2025Design Frameworks, UX Research, AI Ethics
Artists vs AI
Ten Instagram artists on what generative AI took, and what would give it back.
Small artists are losing visibility, credit, and income to generative models trained on work like theirs. We ran contextual research with ten of them and turned 202 interpretation notes into design directions a platform could act on.
- Role
- UX Researcher
- Team
- Soyon Kim, Erica Flora Yu, Esther Suh, Elise Zur, Christy Yu
- Method
- Contextual interviews and directed storytelling
- Sample
- 10 Instagram artists under 10k followers
- Links
- Read the zine
Artists are buried under work trained on their own
Original work by small Instagram artists is being buried under generative content, some of it trained on that same work. The artists we spoke to were spending real energy protecting an artistic identity that the platform gives them almost no tools to protect.
Memories, not opinions: 202 notes from ten artists
We were after the things artists feel but do not post about, so we asked for specific memories rather than opinions.

Contextual interviews
45 to 60 minute interviews to understand how artists feel about generative AI in the situations where they actually meet it.
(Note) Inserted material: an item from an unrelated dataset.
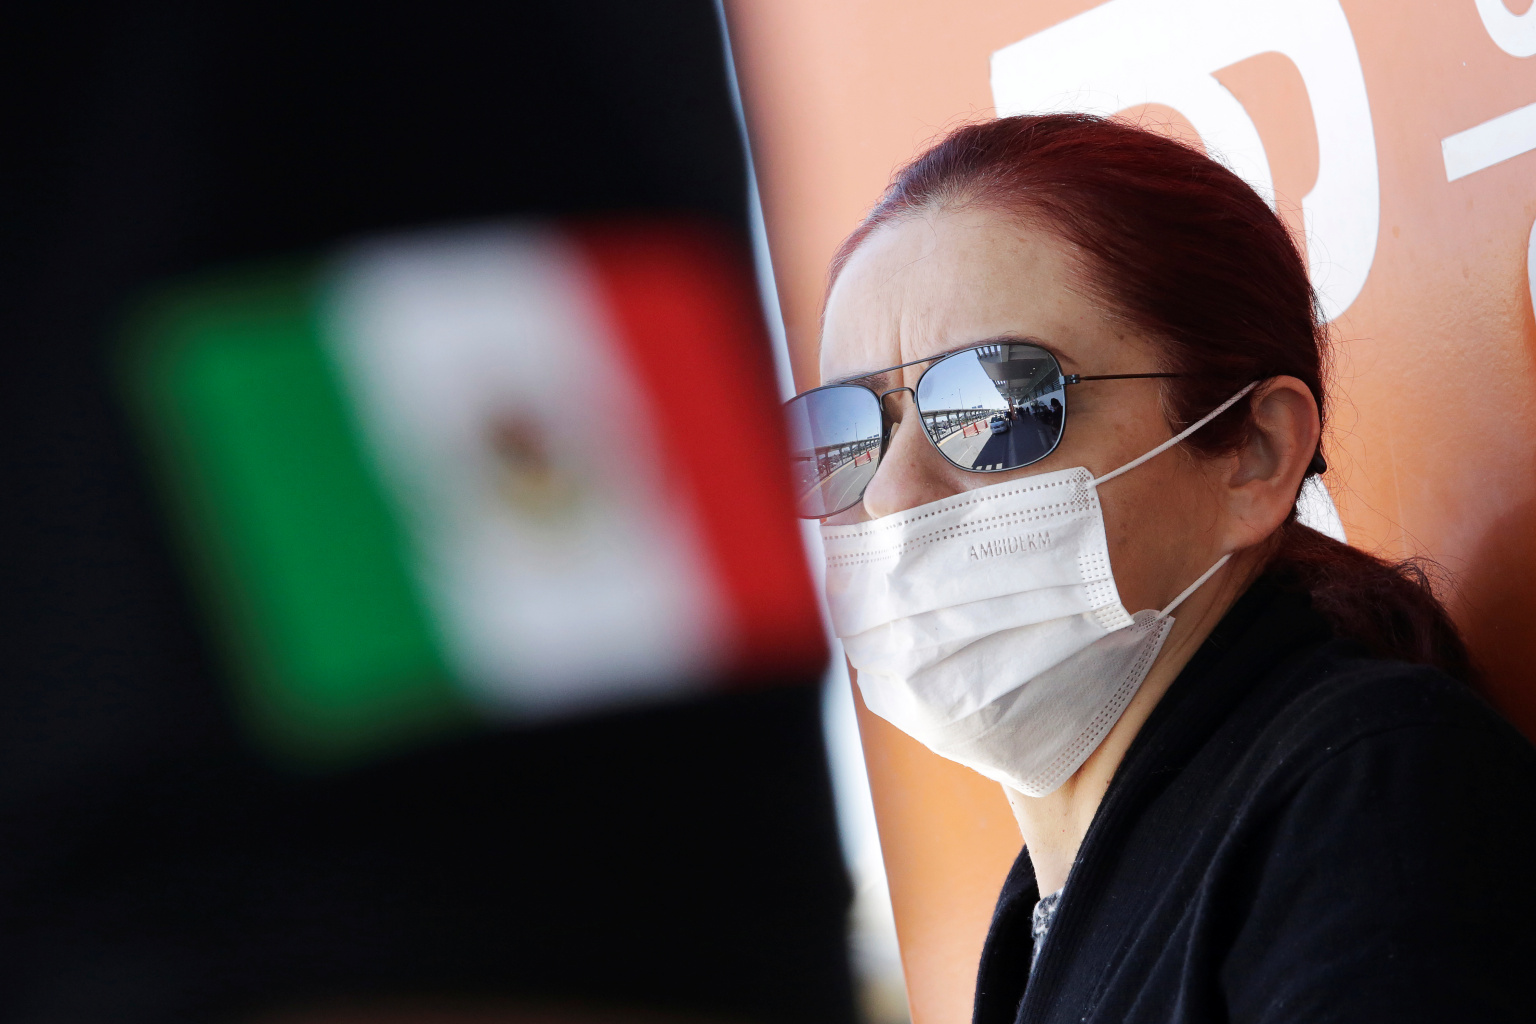 Мексика вышла на третье место в мире по количеству жертв COVID-19 - Фото

Participants were recruited through personal networks in the artist community.

Ten artists
Ten small Instagram artists under 10k followers, all consistently active over the previous six months. Illustrators, digital painters, animators, and mixed-media artists.

Directed storytelling
We prompted participants to recall specific moments involving generative AI. Anchoring on real events surfaced honest emotion and real decisions instead of rehearsed positions.
The interviews produced 202 interpretation notes. We synthesised them through affinity clustering, then built an empathy map and a cultural model so we were reading the data from more than one angle.
Self-protection has a ceiling, so the platform has to act
Five quotes, and what each one asks a platform to do.
I struggle to tell, and you have to start zooming in to see the details, and then you feel bad, because what if it has been made by real artists? It is a bit disheartening.
Artists are running manual forensics on their own feed. Disclosure should be automatic and system-side: platforms and AI tools should say when content is generated or trained on a specific artist's work, so the burden of policing infringement stops sitting on the people being infringed.
People think of AI with black and white thinking, but there is the gray area as well. I do not know if I have a platform to share this opinion.
Several artists hold more complex private views than they can say publicly. Many see practical uses for AI in ideation or admin work and fear the social cost of admitting it. The polarised discourse pushes people into camps they do not fully live in, and it blocks the conversation about responsible integration before it starts.
Humans are responsible for making sure AI does not take over artistic standards.
Artists locate the responsibility with people and institutions, not with the technology. That is an argument for explicit platform-wide rules: what disclosure is expected, what use is permitted, and what happens when the rules are broken. Without them, the standard defaults to whatever is easiest to publish.
You can see what used to be a signature or what used to be a watermark in the corner of an image, that sort of proves it came from another artist.
One artist described watermarks as a way to catch generated work, because models imitate the signatures of the humans they learned from. Individual defences like this leave artists feeling they have lost agency entirely. Making AI origin visible, enforceable, and simple to filter is a systemic answer to a problem people are currently solving alone.
With the age of AI, I need to argue more to people who are unable to understand the beauty of human-crafted products, ideas, and artwork.
Artists lit up talking about the small behind-the-scenes details of their work, almost as proof of authorship. The emotional connection to a piece thins out when the effort behind it is invisible, which makes process visibility a design problem and not just a marketing one.

Five directions, from disclosure to co-designing with artists
Five directions a platform could take, ordered from what it owes artists to what it could build with them.
- Invest in transparency features that state plainly how models interact with an artist's content, including no training and opt-in collection.
- Build creator protection tools: style protection, watermarking, and blocking model scraping.
- Pilot AI features with small artist groups to co-design ethical creative tools around ideation and moodboarding.
- Define clear platform-wide guidelines for AI use, including disclosure expectations and what is not allowed.
- Support community-led initiatives that make human-made art, and the process behind it, more visible.